CD8:Treg Ratio in the Tumor is Also Reduced in the KO


We wondered if the altered balance of CD8 T effectors and FoxP3+ Treg observed in the draining lymph nodes were also seen at the tumor site. For these experiments, we moved to a therapeutic vaccine model such that all mice would have progressive tumors. As shown in FIG. 23, d14 B16 tumors from GVAX treated KO mice did not show an alteration in the frequency of CD45+ cells in single cell suspensions of tumors. However, the frequency of CD3+ T cells was significantly reduced in the KO mice compared to controls. There was a non-significant trend towards larger tumor sizes. The lack of effect on tumor growth might reflect the limited ability of GM-CSF secreting tumor cell vaccines to impact the progression of established tumors, precluding the ability to detect a major PPAR-γ dependent contribution. Similar results were obtained with dll tumors (data not shown).

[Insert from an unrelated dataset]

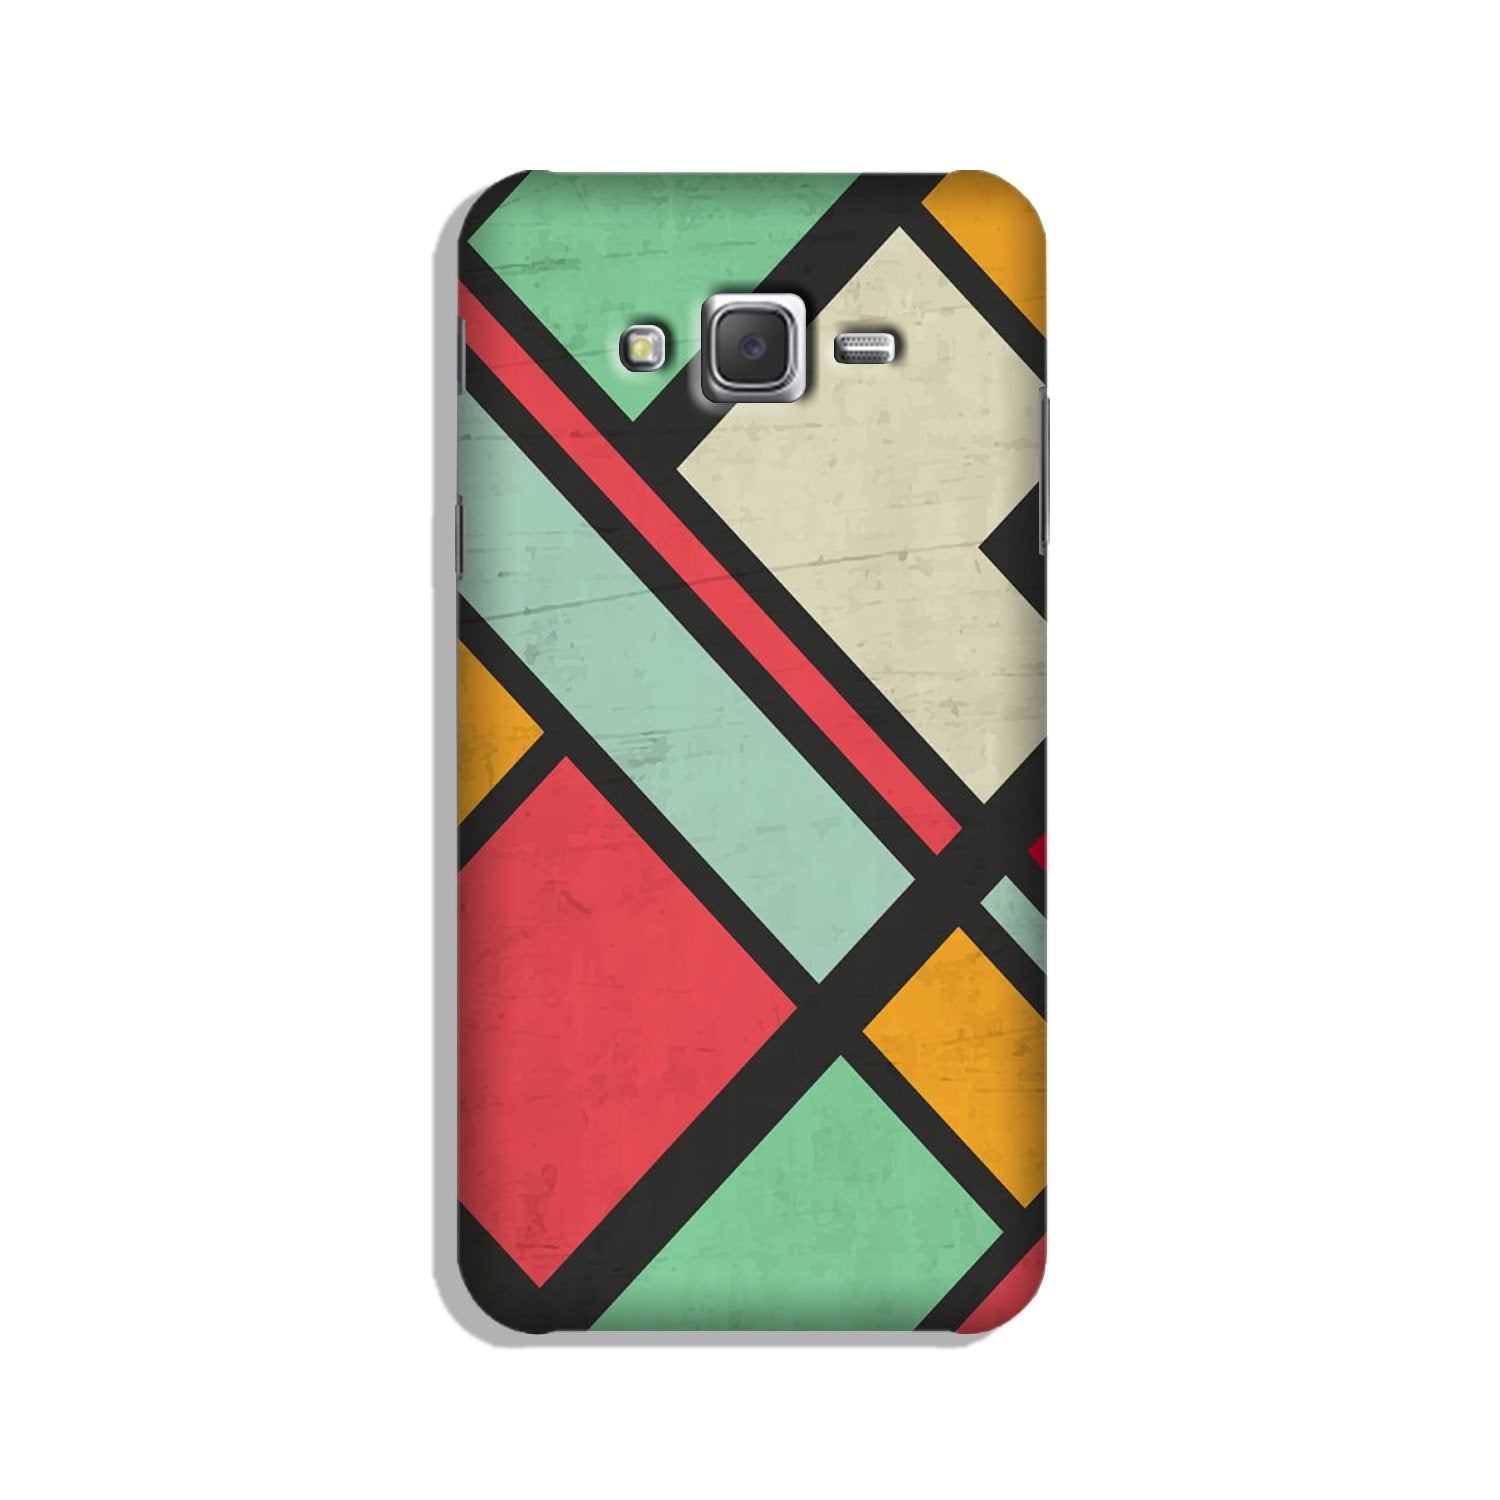 Boxes Case for Galaxy J7 Nxt (Design - 187)

We further categorized the CD3 infiltrate based on CD8, CD4 surface expression and intracellular staining for FoxP3. Total recovery of CD8 and Treg was reduced in the KO tumors as expected due to lower CD3 (FIG. 24). However, this effect was more pronounced (and statistically significant) in the CD8 compartment, leading to lower CD8:Treg ratios in the KO mice. The balance of CD8 to Treg at the tumor site has emerged as an important prognostic variable for a number of cancers in clinical studies.


Impact on DC Associated Genes in KO dLN and T-Cell Stimulation by DC


To identify the origin of the reduced CD8:Treg ratio we analyzed the draining LN. We performed high throughput and unbiased analysis of whole LN by RNASeq. The draining LN from each mouse was collected 5 days after GVAX administration. 4-5 draining lymph node were pooled for each sample.


Myeloid cells are a relatively rare population in the draining lymph node. So, we first tested if deletion of PPAR-g using LysMCre leads to an identifiable difference in PPAR-g target gene expression in the RNASeq of the whole draining LN. We found that several canonical PPAR-g target genes were reduced in KO draining lymph node (FIG. 38A). Previously, a PPAR-g controlled gene module has been identified in alveolar macrophages. Several of the macrophage genes in this module were also reduced in the KO (FIG. 38B). These data confirmed that we were able to identify myeloid restricted gene expression changes in our whole lymph node RNASeq and also validated a functional defect in PPAR-g.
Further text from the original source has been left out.